Touring_test: A Cucumber Extension for Agentic Usability Testing (worksonmymachine.ai)

🤖 AI Summary
touring_test is a new Cucumber extension (a Ruby gem) that replaces DOM-driven test scripts with agentic “usability” tests: it sends a natural-language instruction plus a screenshot to Gemini’s computer-use model, which then decides and executes actions (click, type, scroll, navigate) via tool calls, captures follow-up screenshots, and iterates until it succeeds or gives up. The project reframes BDD for the age of agents — “Agentic BDD” (ABDD) — by testing whether a reasonable, confused entity can discover and complete tasks (e.g., “log out”) instead of asserting the existence of a specific DOM element or selector. The code is open on GitHub under the new org Works On Your Machine and currently supports Gemini’s computer-use capability.

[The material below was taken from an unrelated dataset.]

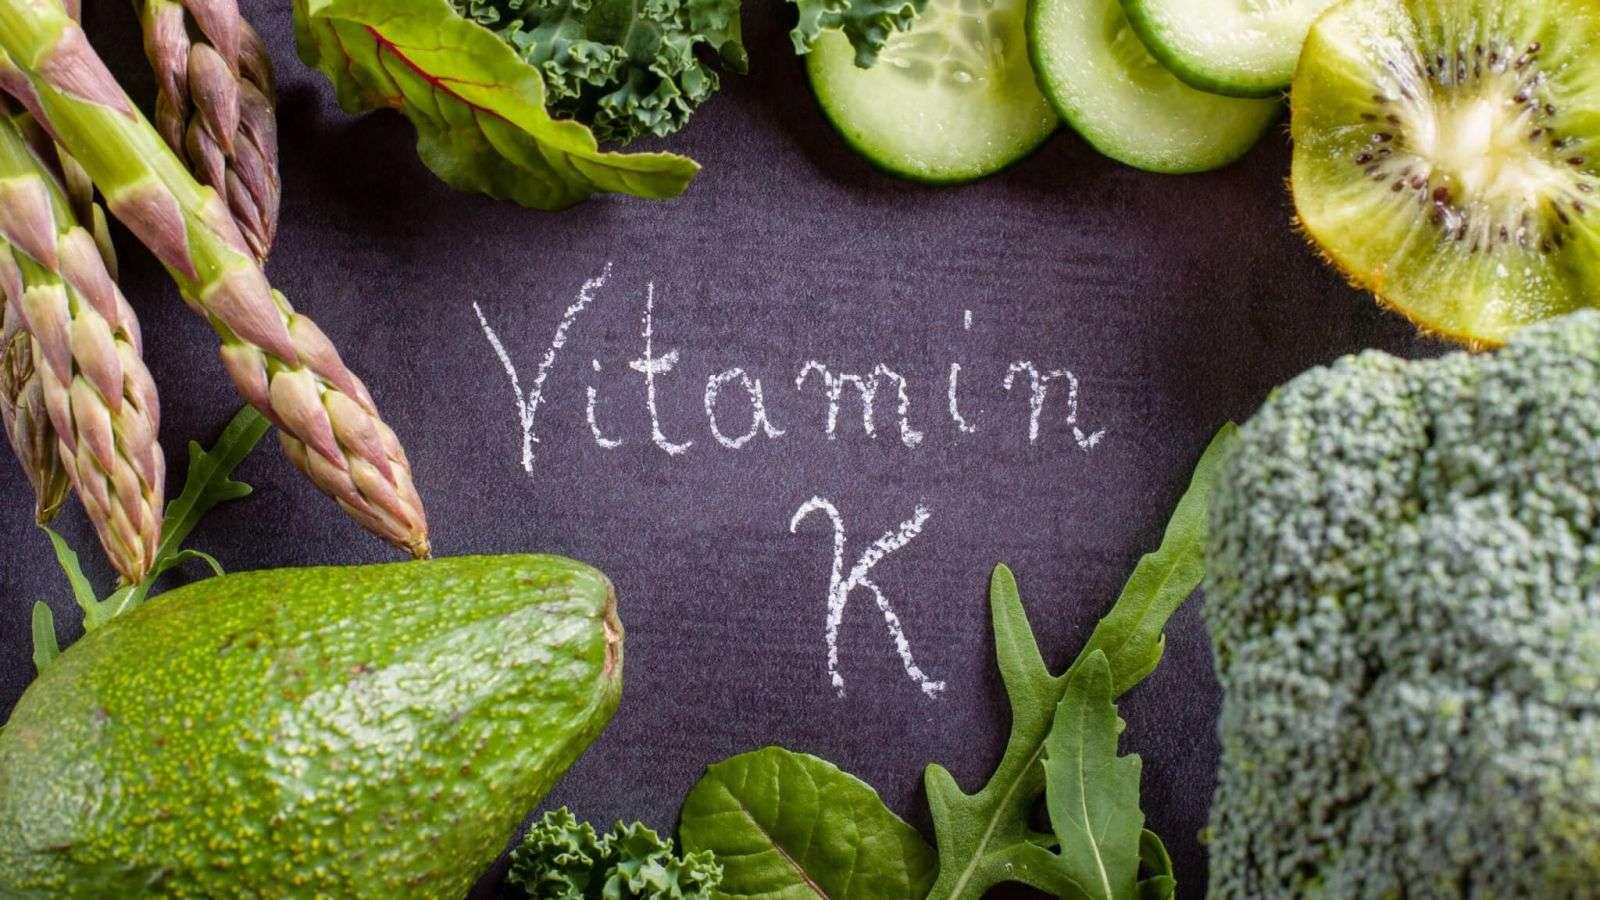 تصویر در غذاهایی که ویتامین K دارند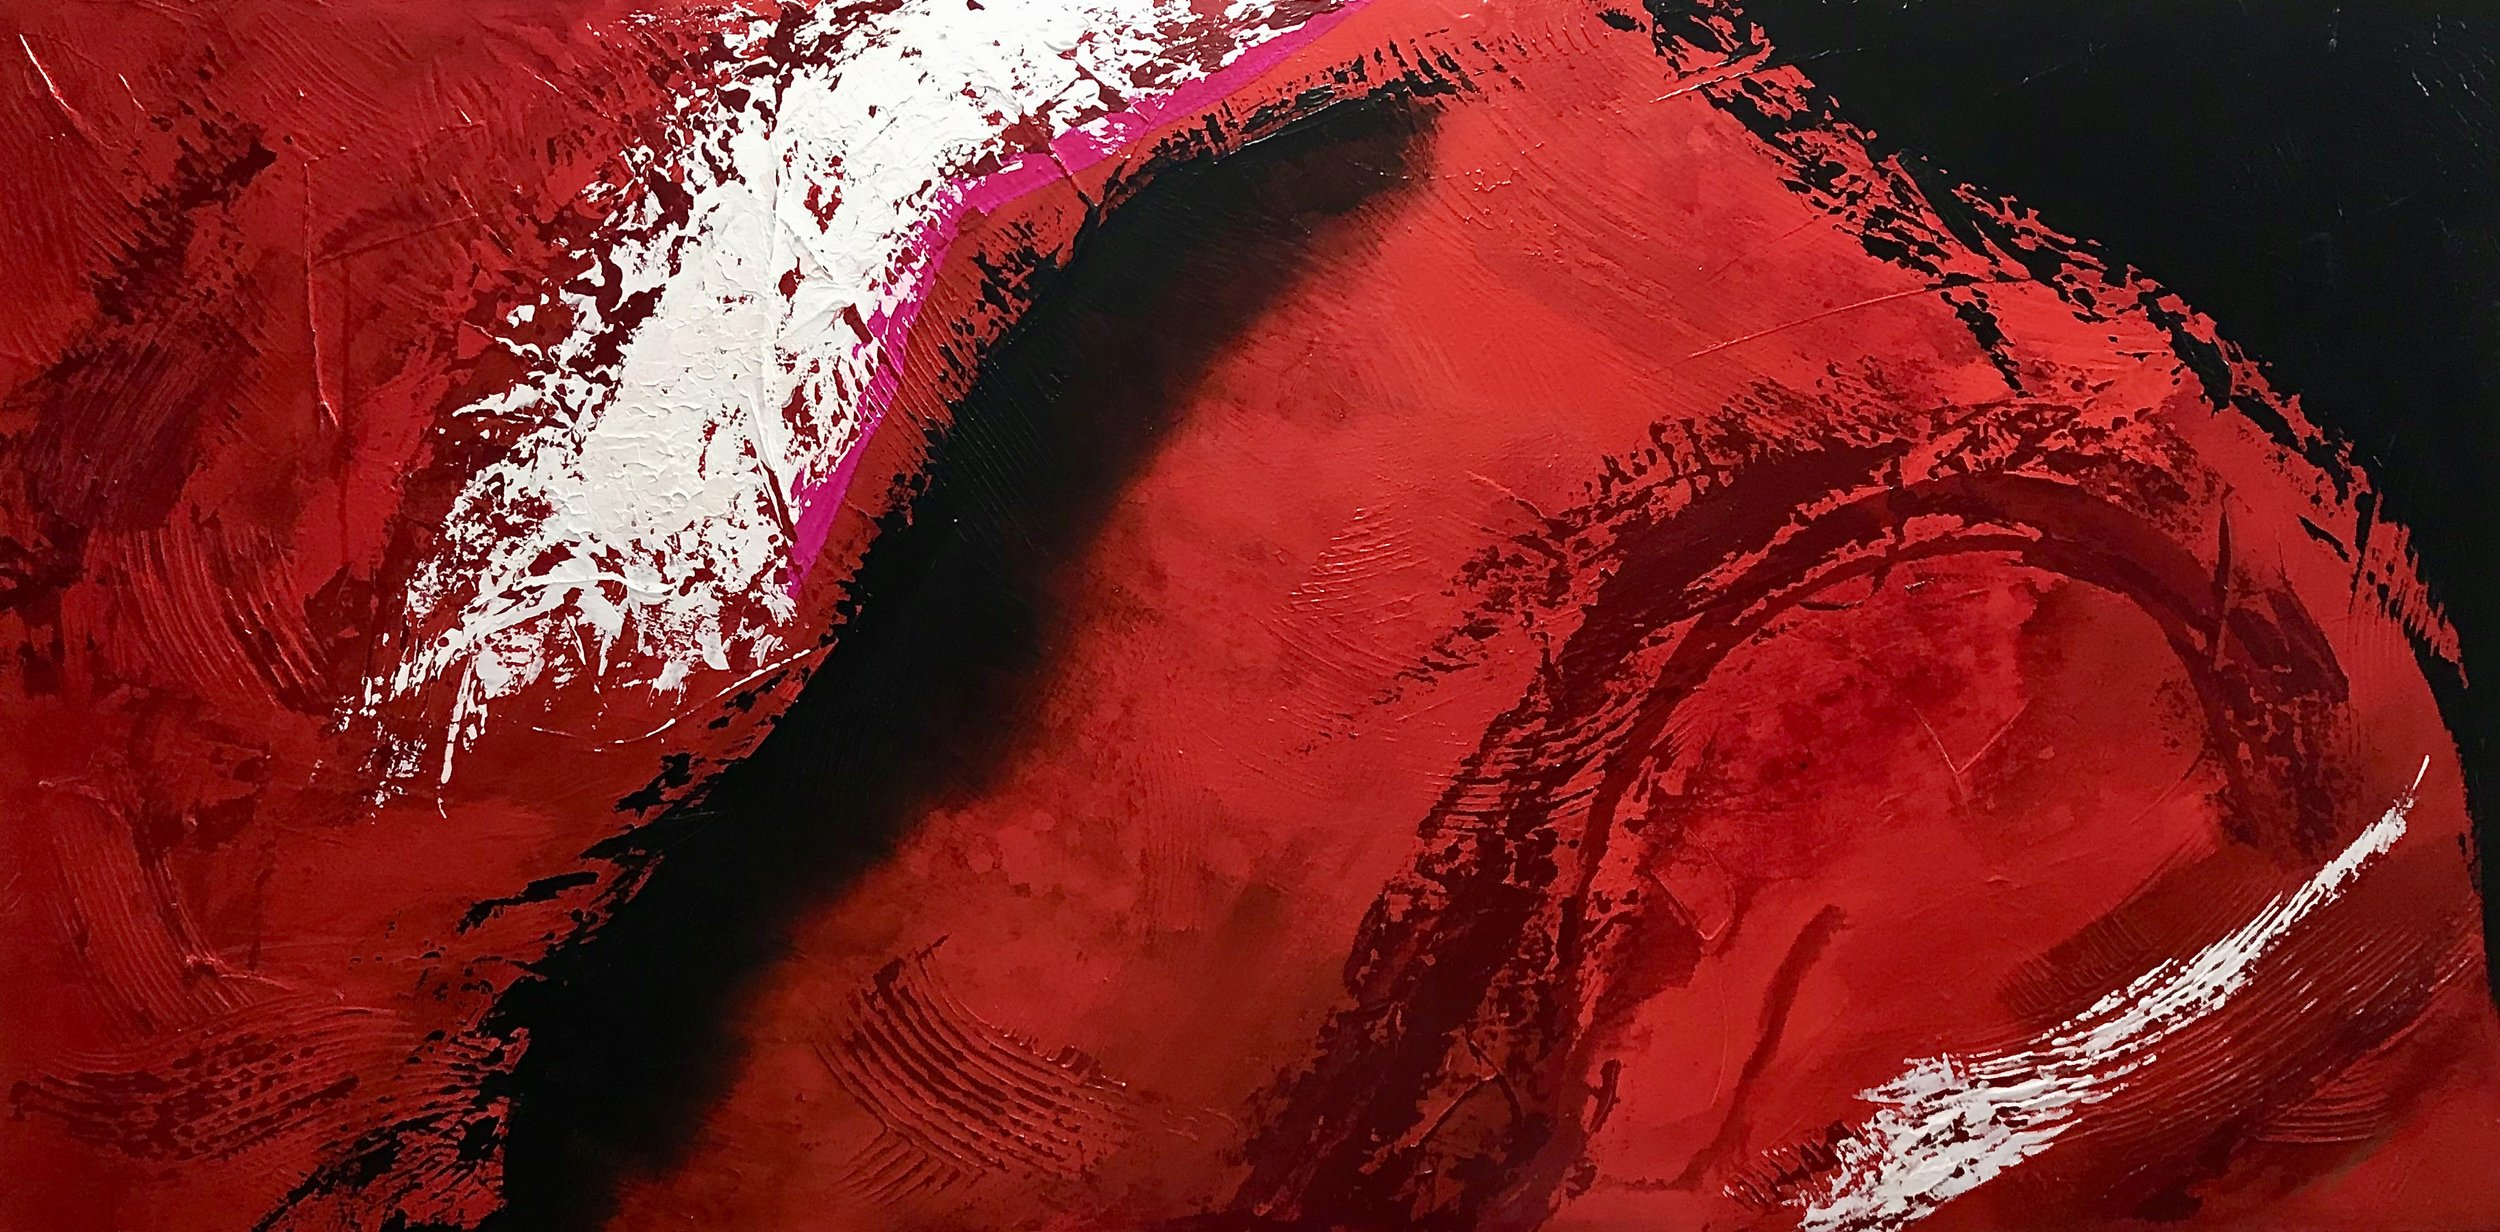 Red Plus 308019

Technically, touring_test gives the agent only pixels and the instruction — no DOM, no CSS, no element IDs — so failures are often user-like (misclicks, misinterpretations, hallucinated success). That makes tests noisier, slower, and costlier, but potentially far more valuable for catching UX and discoverability problems that Selenium-style tests miss. The pattern also suggests a feedback loop: let agents attempt tasks, surface human-like failures, and feed those failures to coding agents or developers to iterate on UX. It’s an experiment in automating “confusion” rather than superhuman precision — and it may expose the gaps between automated assurance and real user experience.